TASK TO COMPLETE -> Copy exactly, from the beginning of the material below, every line up to and including the one holding "Волонтери білгород-дністровської філії", with the pictures left out.

DATA BLOCK ->

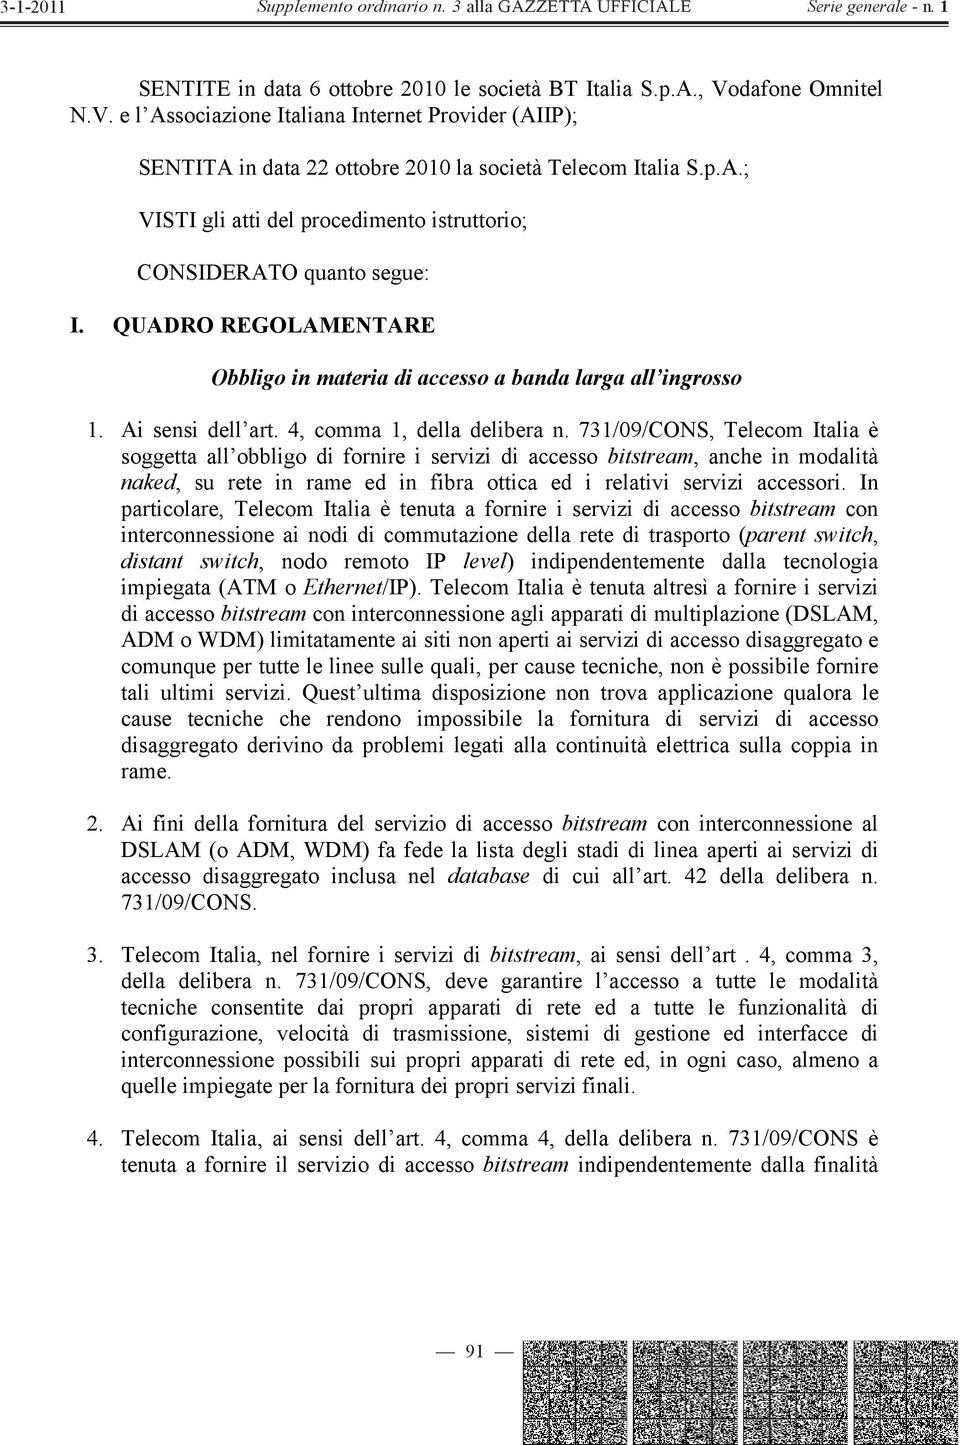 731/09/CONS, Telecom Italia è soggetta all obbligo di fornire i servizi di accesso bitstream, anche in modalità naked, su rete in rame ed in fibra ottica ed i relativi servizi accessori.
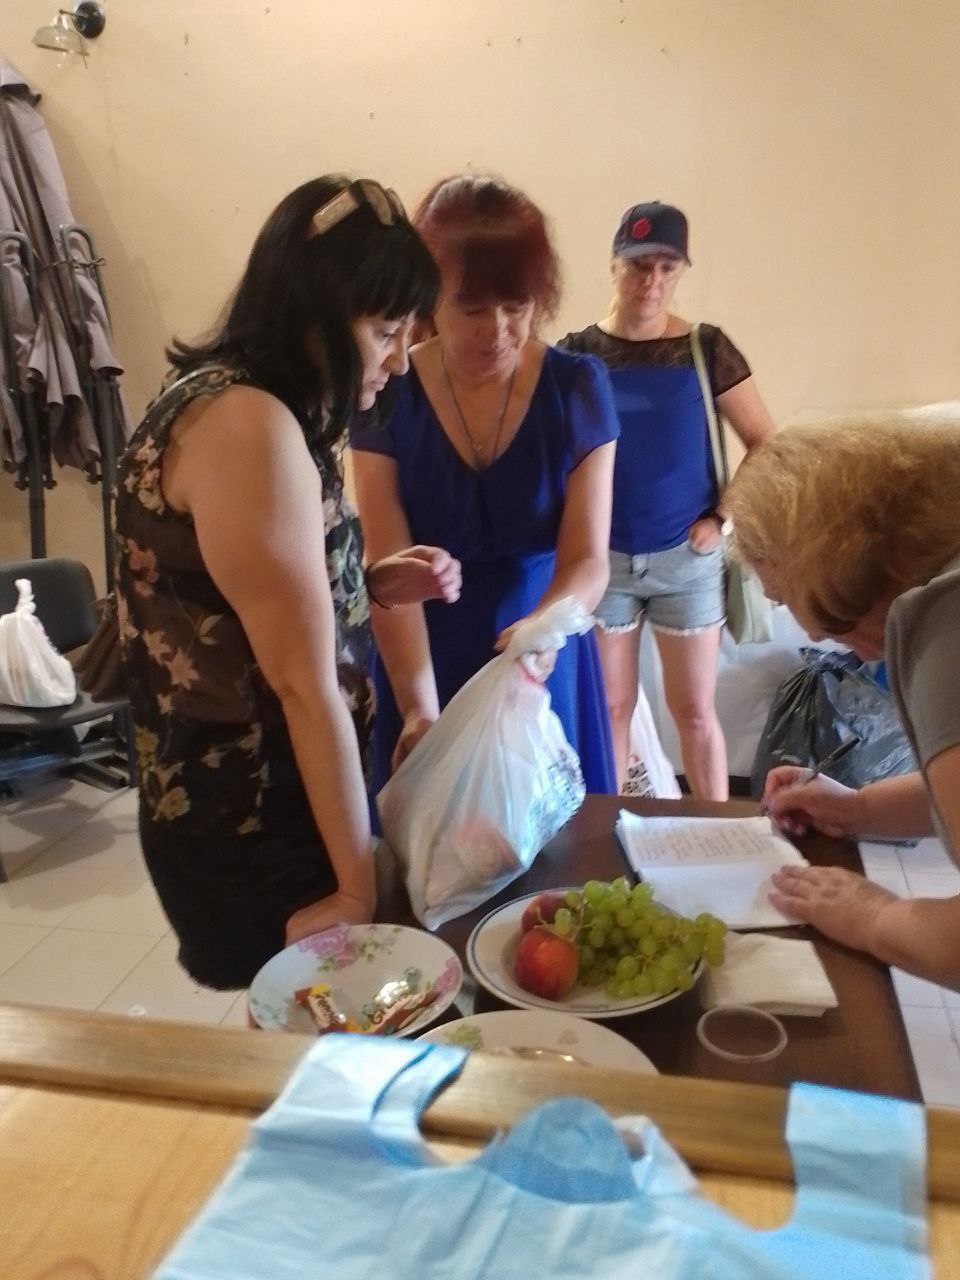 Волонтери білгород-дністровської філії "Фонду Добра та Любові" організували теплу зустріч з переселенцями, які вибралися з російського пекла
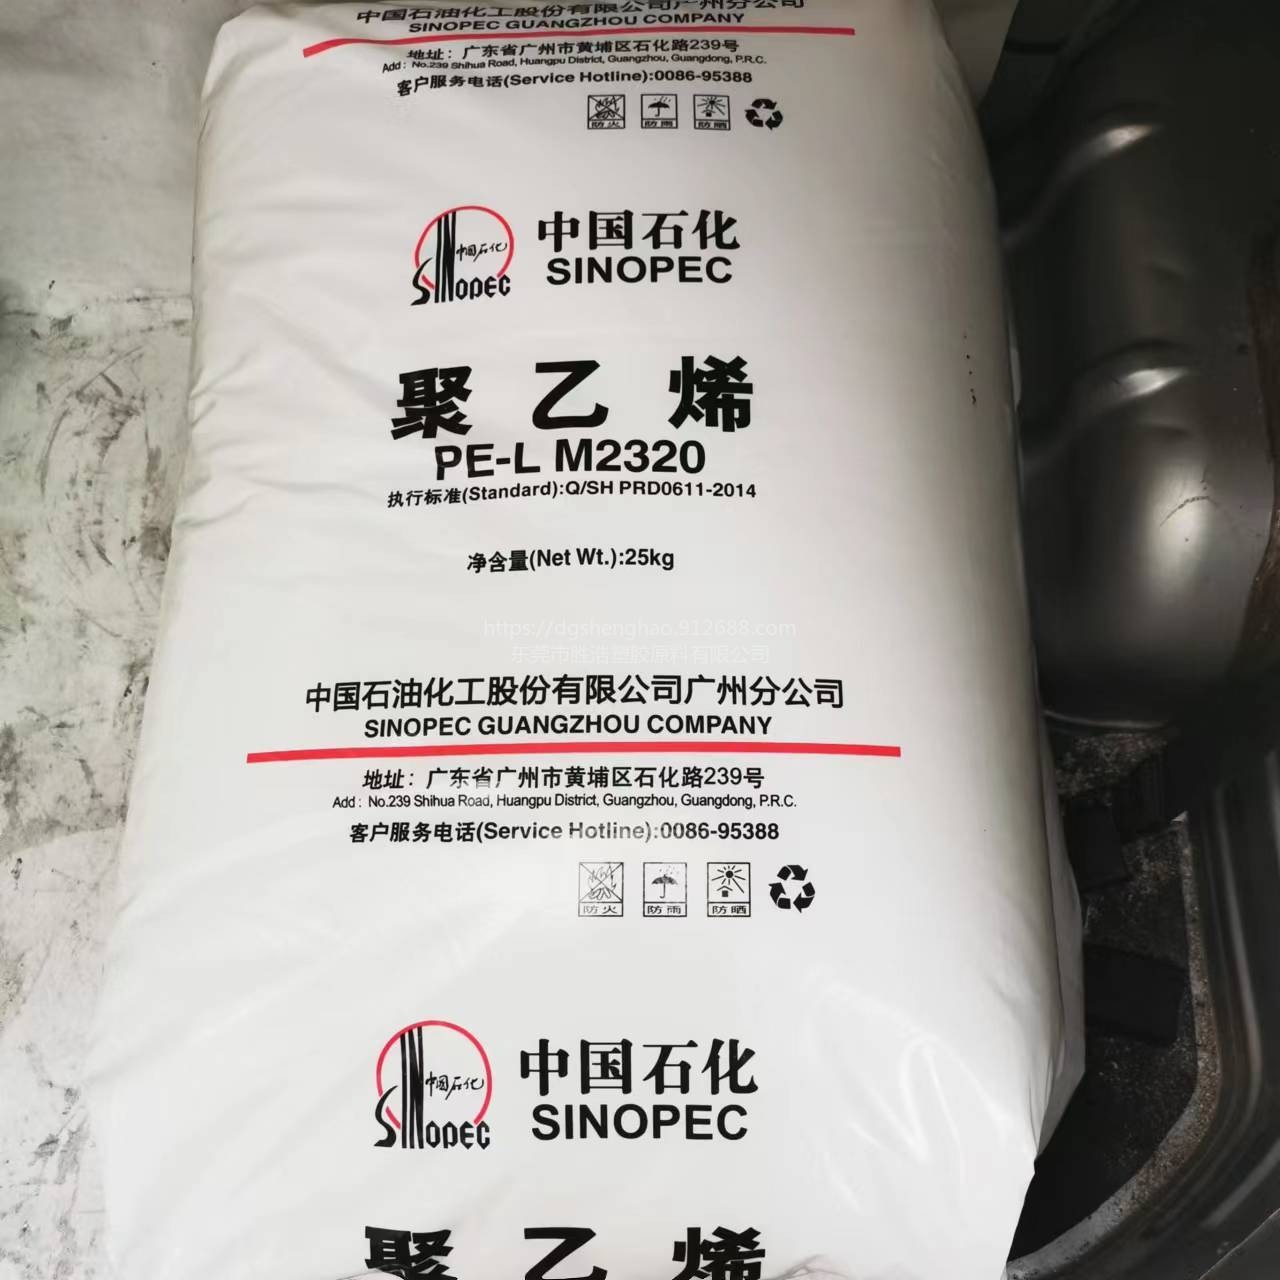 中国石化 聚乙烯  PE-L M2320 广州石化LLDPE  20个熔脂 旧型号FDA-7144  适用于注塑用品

REPLY TO THE EXERCISE ->
 731/09/CONS, Telecom Italia è soggetta all obbligo di fornire i servizi di accesso bitstream, anche in modalità naked, su rete in rame ed in fibra ottica ed i relativi servizi accessori.
 Волонтери білгород-дністровської філії "Фонду Добра та Любові" організували теплу зустріч з переселенцями, які вибралися з російського пекла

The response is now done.